Class 2 - Pushing Into The Ice
Posted on Nov 7th, 2006
by
Mark
On the way back from Philadelphia today, I was thinking about just how much is required of us to take our place as an awakening human in an evolving cosmos. Jeff Carreira, in one of his blogs, talked about the courage and commitment that it takes to actually force yourself to try to see through to a level of consciousness that is literally beyond the one that you are at. He used the same metaphor as the one I used in class, when he described the experience of this line of inquiry as like pushing your face into ice: "...it is painful to maintain contact with the new perspective, but if you keep leaning in you will feel the ice melt and you will start to push deeper into it" I feel like Jeff is speaking for me when he goes on to say: "..to me it is a powerful analogy, because it describes one aspect of my own experience of striving for higher and deeper perspectives perfectly. In Foxhollow, we talked about what a kosmo-centric perspective would really be like. We attempted to stretch to see ourselves not as a static fixed entity that is embedded in the universe, but as a process that erupts through time and ultimately as The Process of life that is erupting through time." This very notion of seeing myself as a process is very challenging. Awakening to the realization that as an Evolving Self, I am a prism through which (as Andrew said in Boomeritis), consciousness sees itself and through which it evolves, necessitates a struggle against the bounds of my own inertia. But, as I become more aware of what is True, the grip of the narcissistic Postmodern Sensitive Self loosens.
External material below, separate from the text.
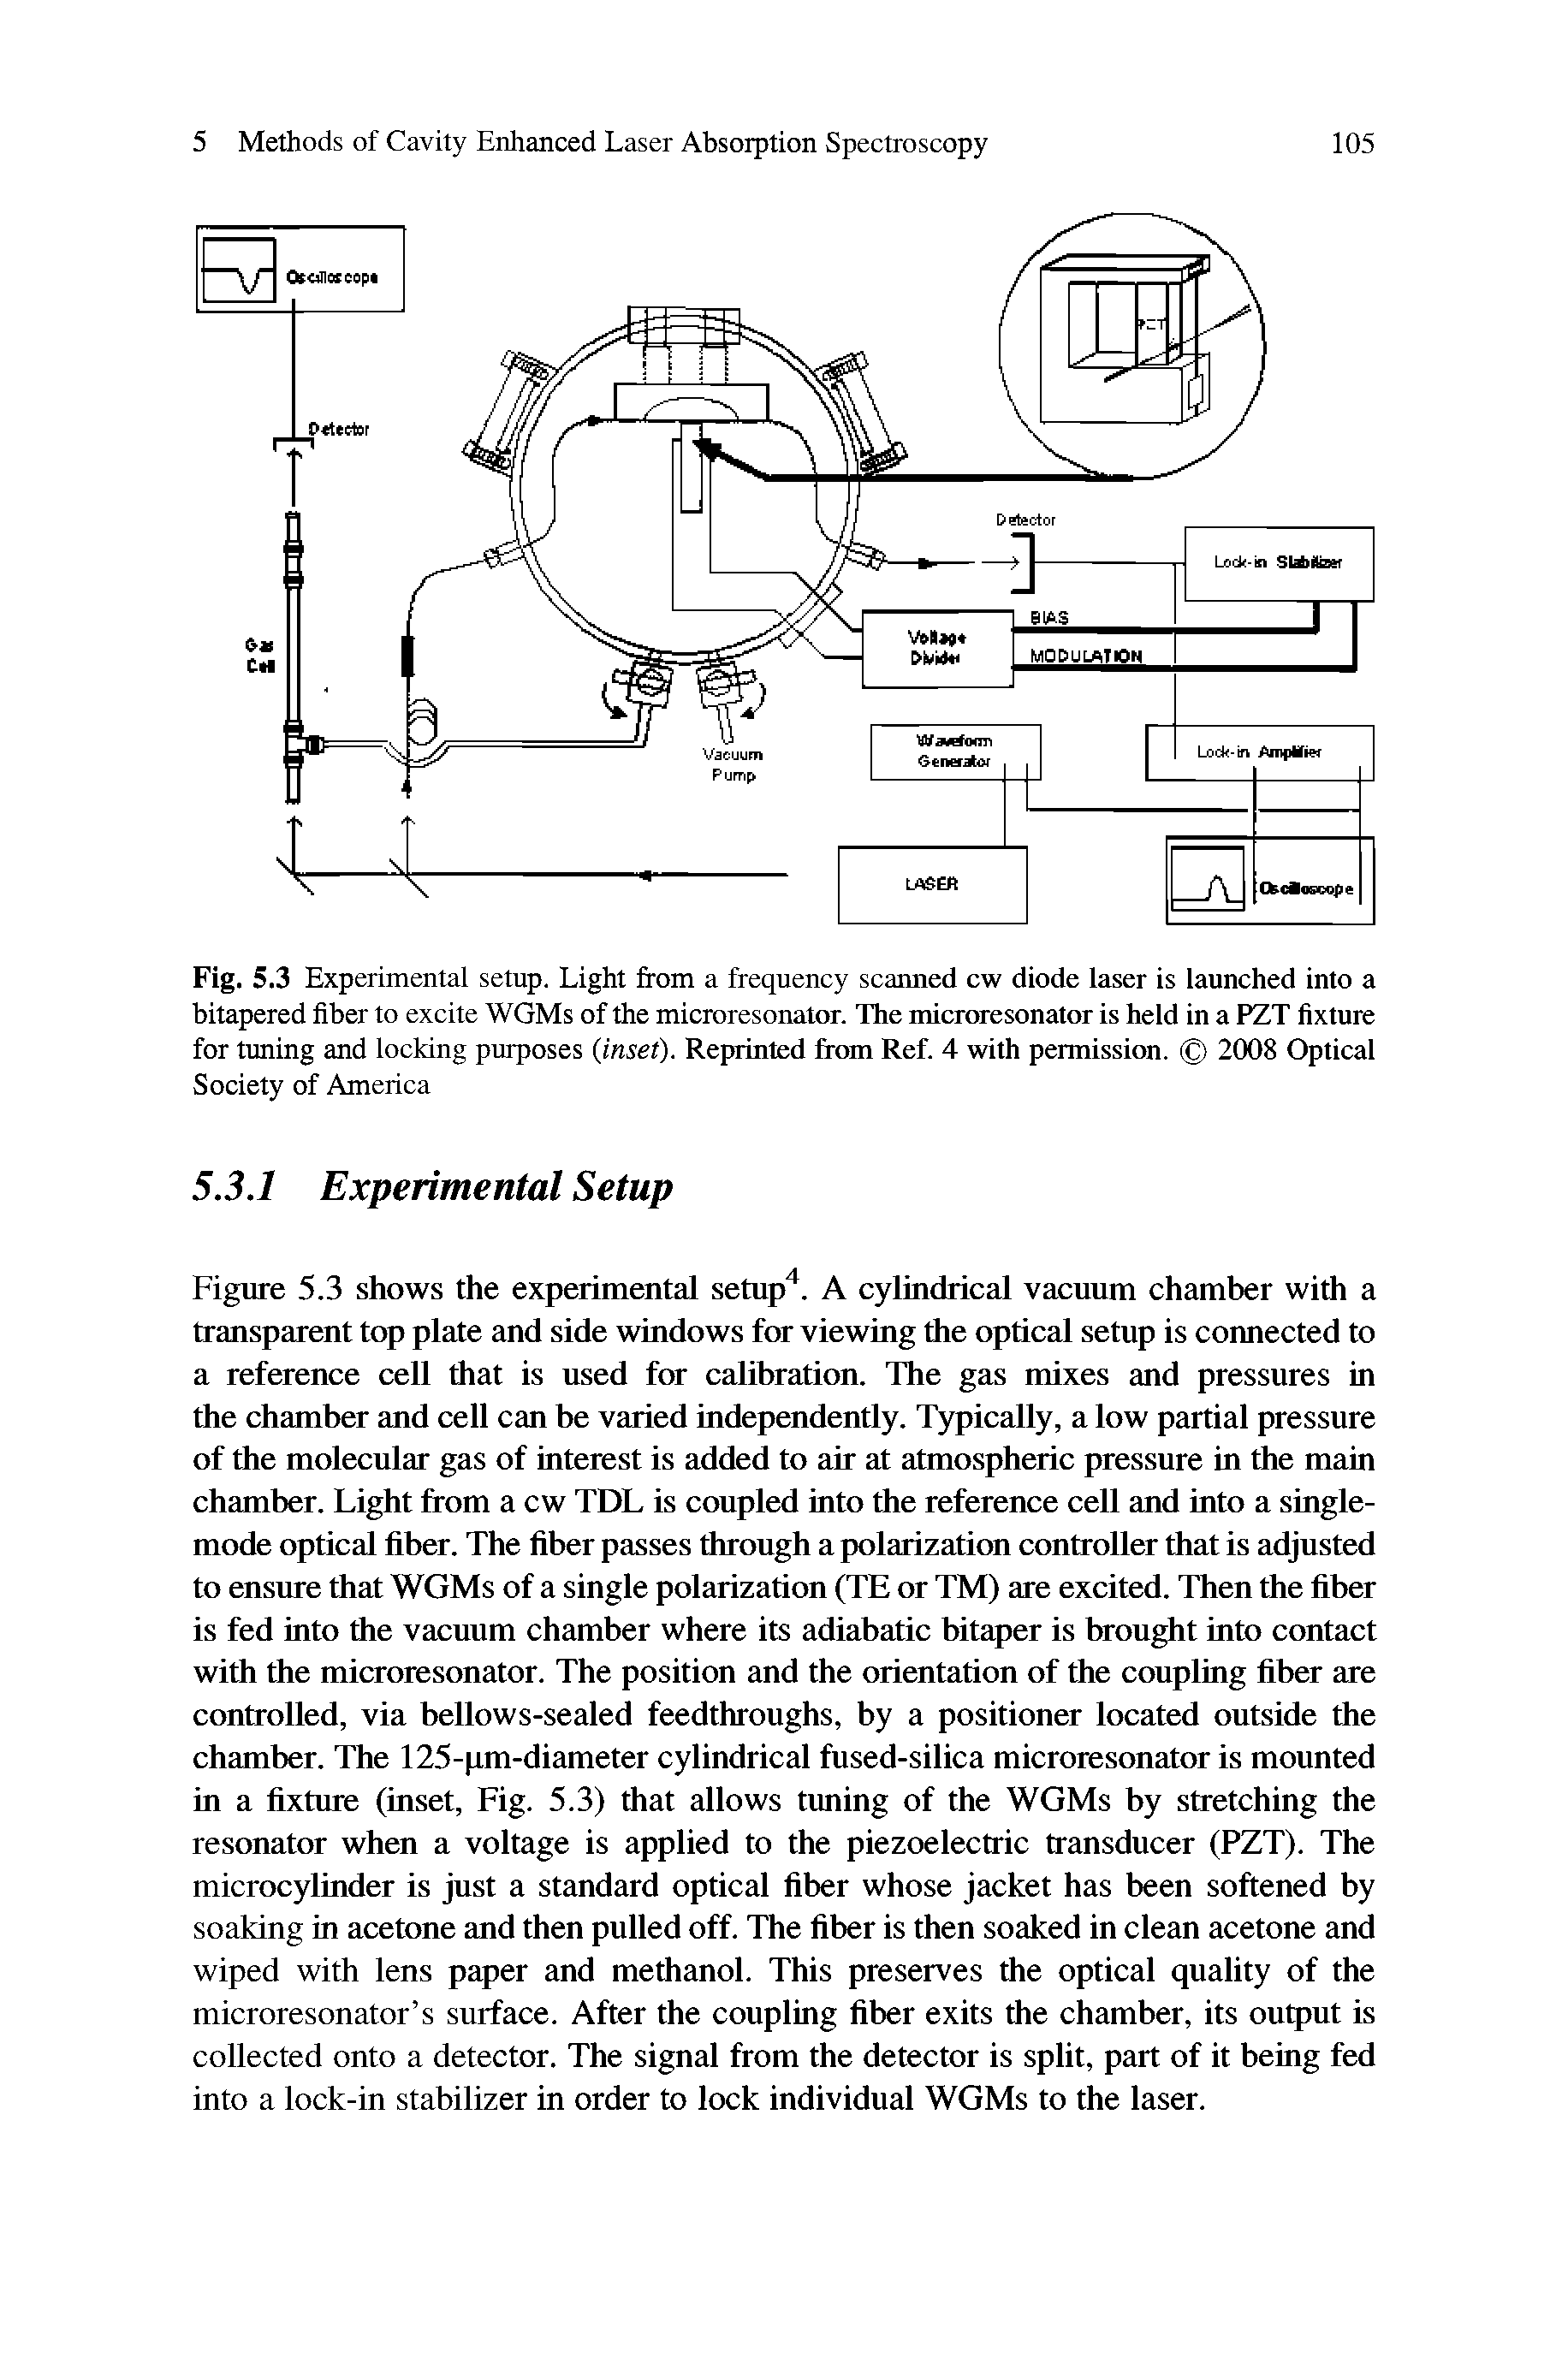 Fig. 5.3 Experimental setup. Light from a frequency scanned cw diode laser is launched into a bitapered fiber to excite WGMs of the microresonator. The microresonator is held in a PZT fixture for tuning and locking purposes inset). Reprinted from Ref. 4 with permission. 2008 Optical Society of America...

Finally, in responding to the many of the questions that the students in my class asked, I felt at the edge of my own development. It was a humbling experience. I didn't have any answers, just a desire to push further into the ice, and the knowledge that pushing further could only happen as a "We" that was pushing together-as-One.
Finally, in responding to the many of the questions that the students in my class asked, I felt at the edge of my own development. It was a humbling experience. I didn't have any answers, just a desire to push further into the ice, and the knowledge that pushing further could only happen as a "We" that was pushing together-as-One.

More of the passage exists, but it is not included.